Structural & Molecular Biology Faculty of Life Sciences, UCL, London, UK.
Biochem Mol Biol Educ. 2022 Sep;50(5):446-449. doi: 10.1002/bmb.21646. Epub 2022 Aug 16.
The final year of a biochemistry degree is usually a time to experience research. However, laboratory-based research projects were not possible during COVID-19. Instead, we used open datasets to provide computational research projects in metagenomics to biochemistry undergraduates (80 students with limited computing experience). We aimed to give the students a chance to explore any dataset, rather than use a small number of artificial datasets (~60 published datasets were used). To achieve this, we utilized Google Colaboratory (Colab), a virtual computing environment. Colab was used as a framework to retrieve raw sequencing data (analyzed with QIIME2) and generate visualizations. Setting up the environment requires no prior experience; all students have the same drive structure and notebooks can be shared (for synchronous sessions). We also used the platform to combine multiple datasets, perform a meta-analysis, and allowed the students to analyze large datasets with 1000s of subjects and factors. Projects that required increased computational resources were integrated with Google Cloud Compute.

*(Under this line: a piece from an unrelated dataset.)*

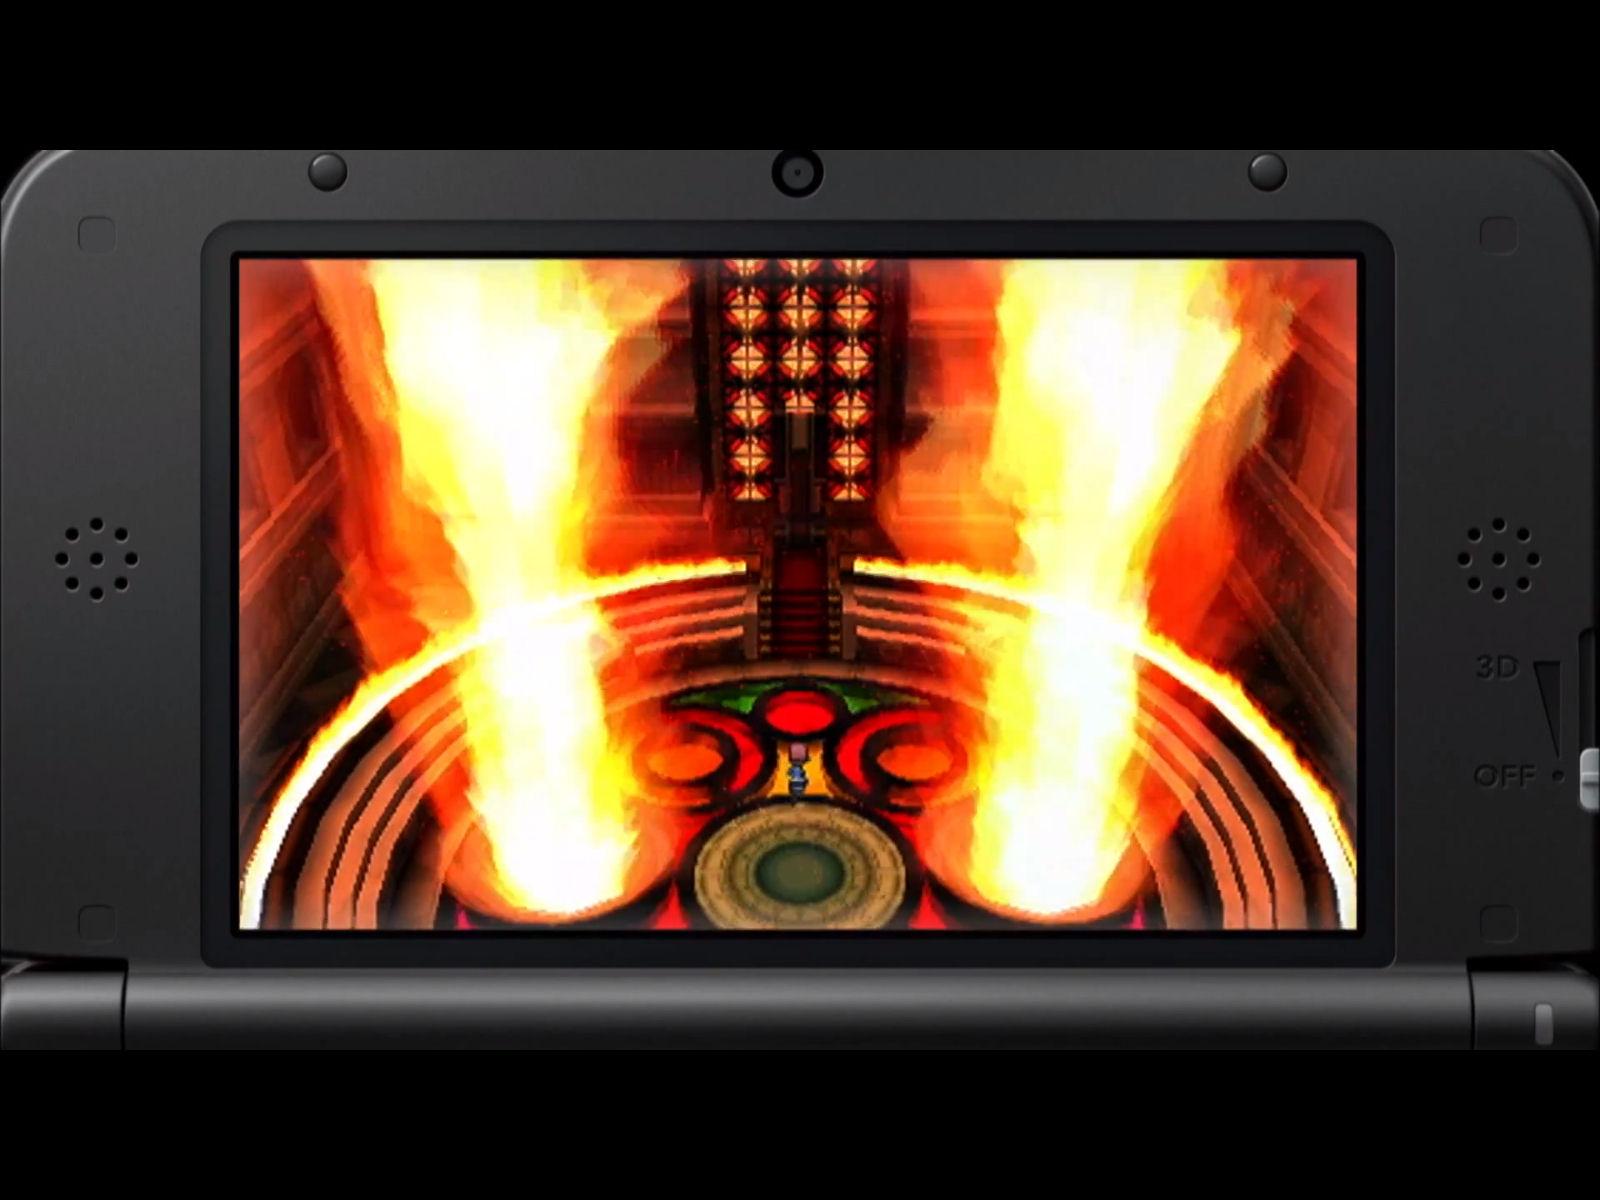 Pokemon X and Y Fire Gym Screenshot

In future, all research projects can include some aspects of reanalyzing public data, providing students with data science experience. Colab is also an excellent environment in which to develop data skills in multiple languages (e.g., Perl, Python, Julia).
生物化学专业的最后一年通常是进行研究的时间。然而,在 COVID-19 期间,基于实验室的研究项目是不可能进行的。因此,我们使用开放数据集为生物化学专业的本科生(具有有限计算经验的 80 名学生)提供计算型宏基因组学研究项目。我们的目标是让学生有机会探索任何数据集,而不是使用少数人工数据集(~60 个已发表的数据集被使用)。为了实现这一目标,我们利用了 Google Colaboratory(Colab),这是一种虚拟计算环境。Colab 被用作检索原始测序数据(用 QIIME2 分析)并生成可视化效果的框架。设置环境不需要事先的经验;所有学生都具有相同的驱动结构,并且可以共享笔记本(用于同步会话)。我们还使用该平台来组合多个数据集,进行元分析,并允许学生分析具有数千个主题和因素的大型数据集。需要增加计算资源的项目与 Google Cloud Compute 集成在一起。将来,所有研究项目都可以包括重新分析公共数据的某些方面,为学生提供数据科学经验。Colab 也是一个极好的环境,可以用多种语言(例如 Perl、Python、Julia)开发数据技能。